6.6
Fixing Bugs in Your Code
Now let's talk about
what to do when your
program
is having trouble.
A program can go wrong in any number of ways. Maybe it won't
run at all. A look at the error messages, especially the first line
or two of the error messages, usually leads you to the problem, which
will be somewhere in the syntax, and its solution, which will be
to use the correct syntax (e.g., matching braces or ending each
statement with a semicolon).
Your program may run but not behave as you planned. Then you have
some problem with the logic of the program. Perhaps at some point,
you've zigged when you should have zagged, like adding instead
of subtracting or using the assignment operator
= when you meant to test for equality between
two numbers with ==. Or, the problem could be
that you just have a poor design to accomplish your task, and
it's only when you actually try it out that the flaw becomes
evident.
However, sometimes the problem is not obvious, and you have to resort
to the heavy artillery.
Fortunately, Perl has several ways to help you find and fix bugs in
your programs. The use of the statements use
strict; and use warnings;
should become a habit, as you can catch many errors with them. The
Perl debugger gives you complete freedom to examine a program in
detail as it runs.
6.6.1
use warnings; and use strict;
In general, it's not too hard to tell when the syntax of a
program is wrong because the Perl interpreter will produce error
messages that usually lead you right to the problem. It's much
harder to tell when the program is doing something you didn't
really want. Many such problems can be caught if you turn on the
warnings and enforce the strict use of declarations.
You have probably noticed that all the programs in this book up until
now start with the
command interpreter line:
#!/usr/bin/perl -w
That -w
turns on
Perl's warnings and attempts to find potential problems in your
code and then to warn you about them. It finds common problems such
as variables that are declared more than once, and so on, things that
are not syntax errors but that can lead to bugs.
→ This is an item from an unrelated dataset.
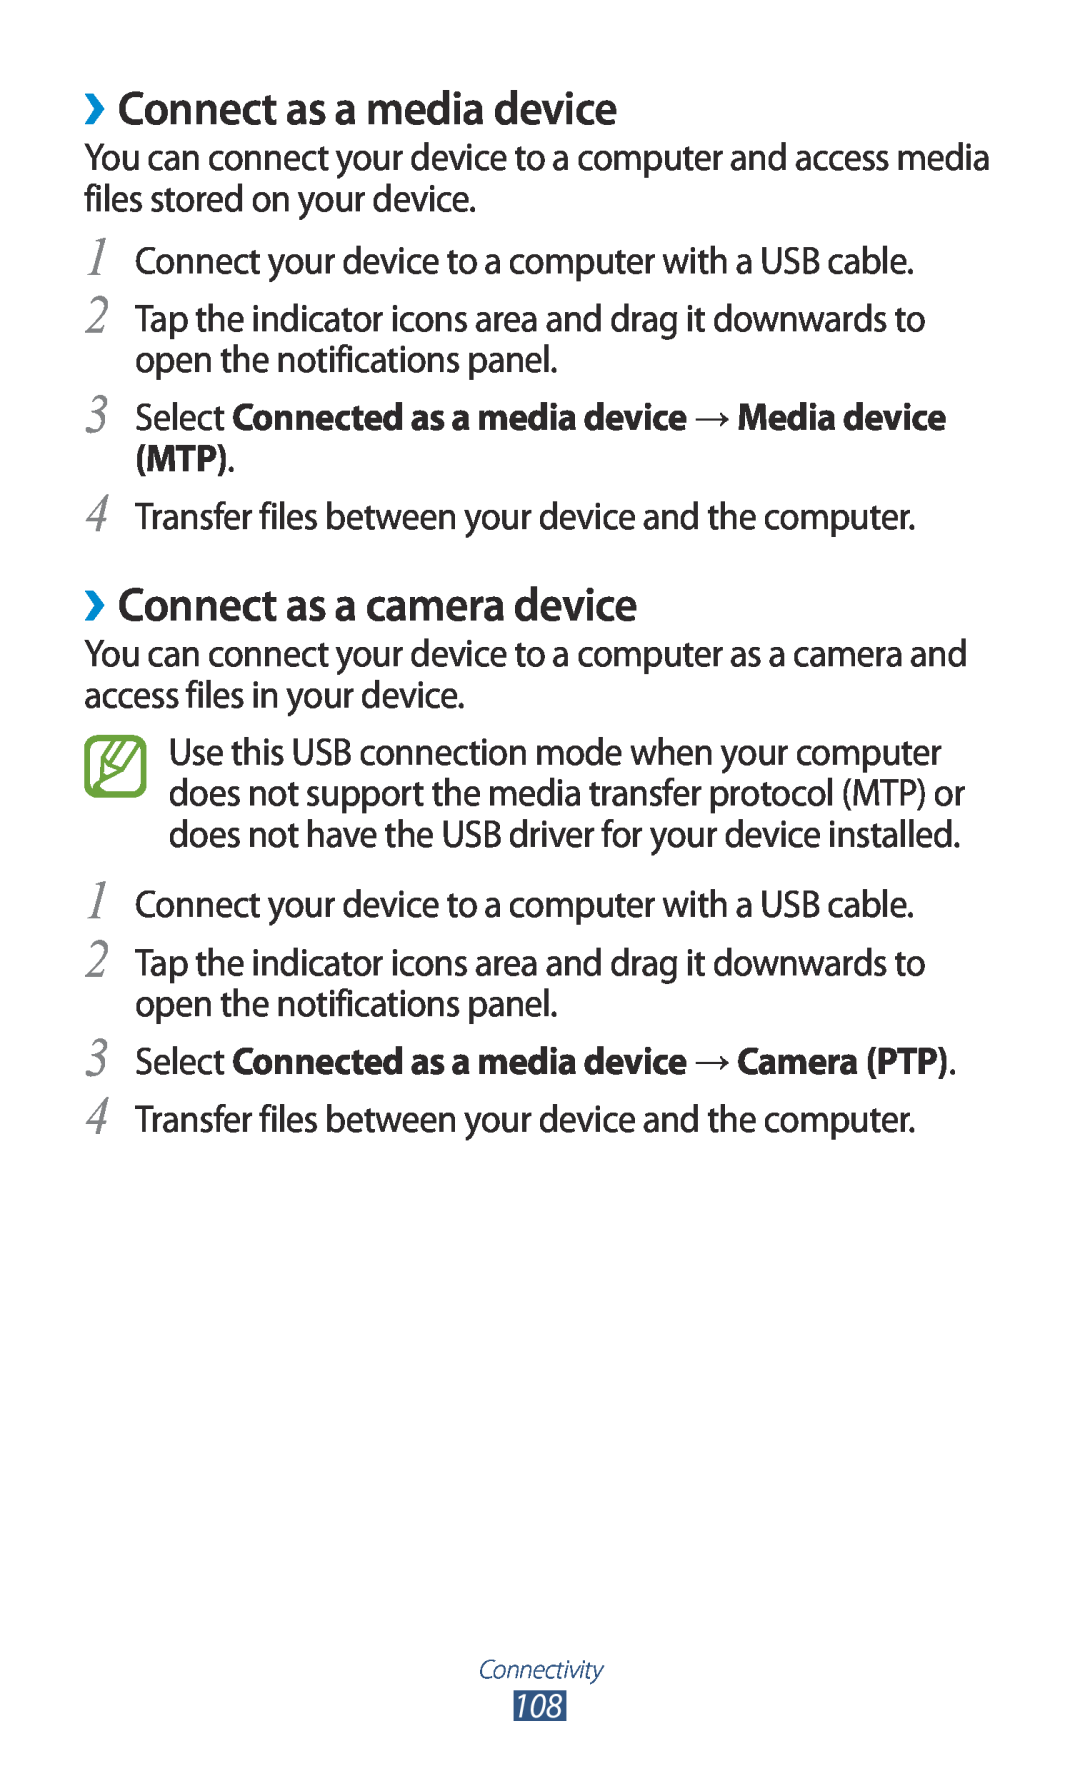 Samsung GT-S7560UWAPHE, GT-S7560ZKAVDR, GT-S7560ZKAPRT manual ››Connect as a media device, ››Connect as a camera device 
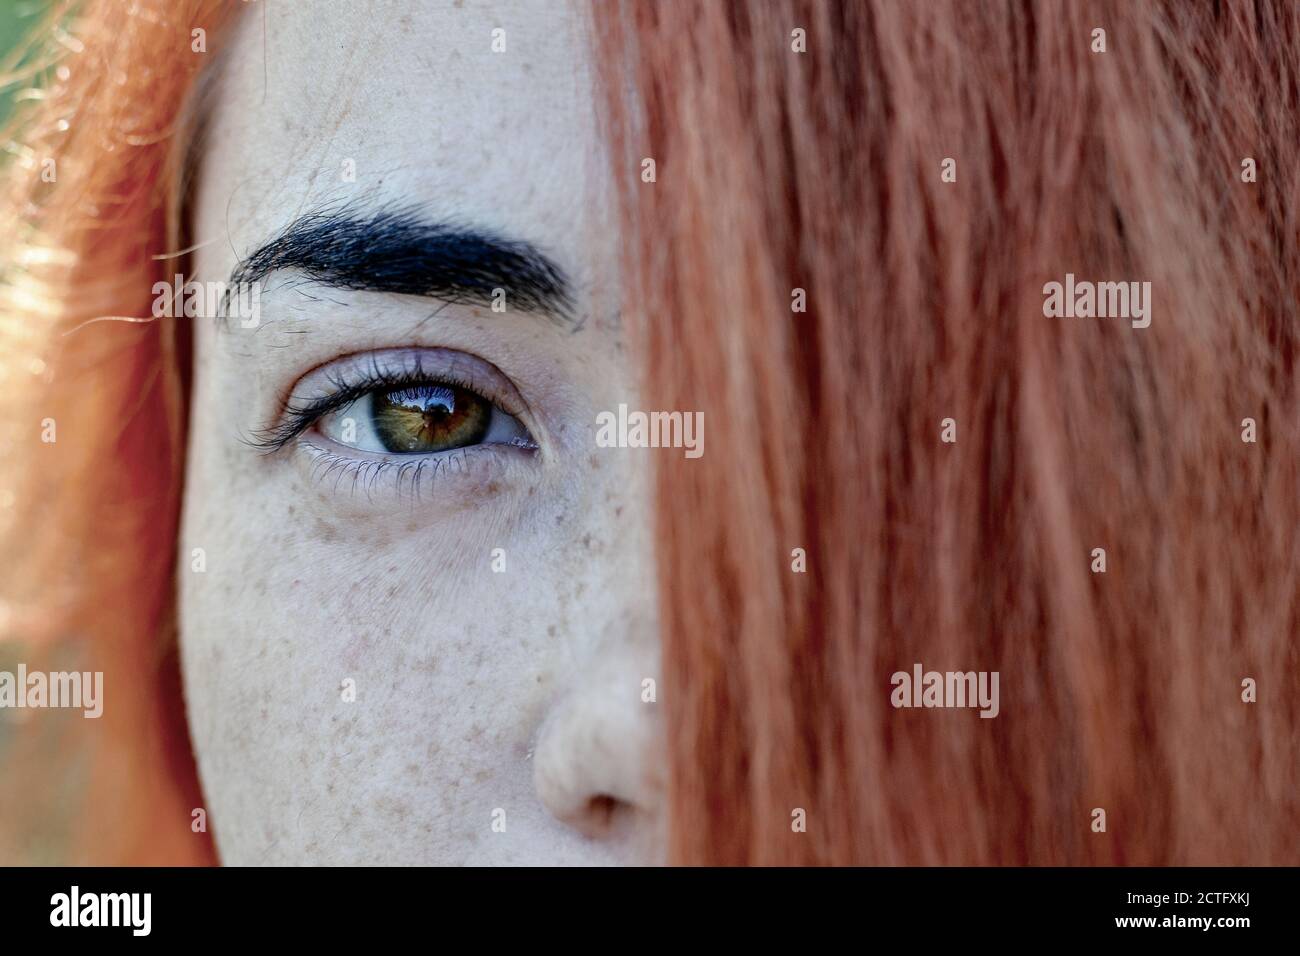 Close up portrait of a red hair woman girl with freckles. Portrait of a girl outdoors in sunlight. Hair covers half of the face. Stock Photo

Another way to turn on warnings is to add the following statement
near the top of the program:
use warnings;
The statement use warnings; may not be available
on your version of Perl, if it's an old one. So if your Perl
complains about it, take it out and use the -w
command instead, either on the command interpreter line, or from the
command line:
$ perl -w my_program
However, use warnings; is a bit more portable between different
operating systems. So, from now on, that's the way I'll
turn on warnings in my code. Another important helper you should use
is the following statement placed near the top of your program (next
to use warnings;):
use strict;
As mentioned previously, this forces you to declare your variables.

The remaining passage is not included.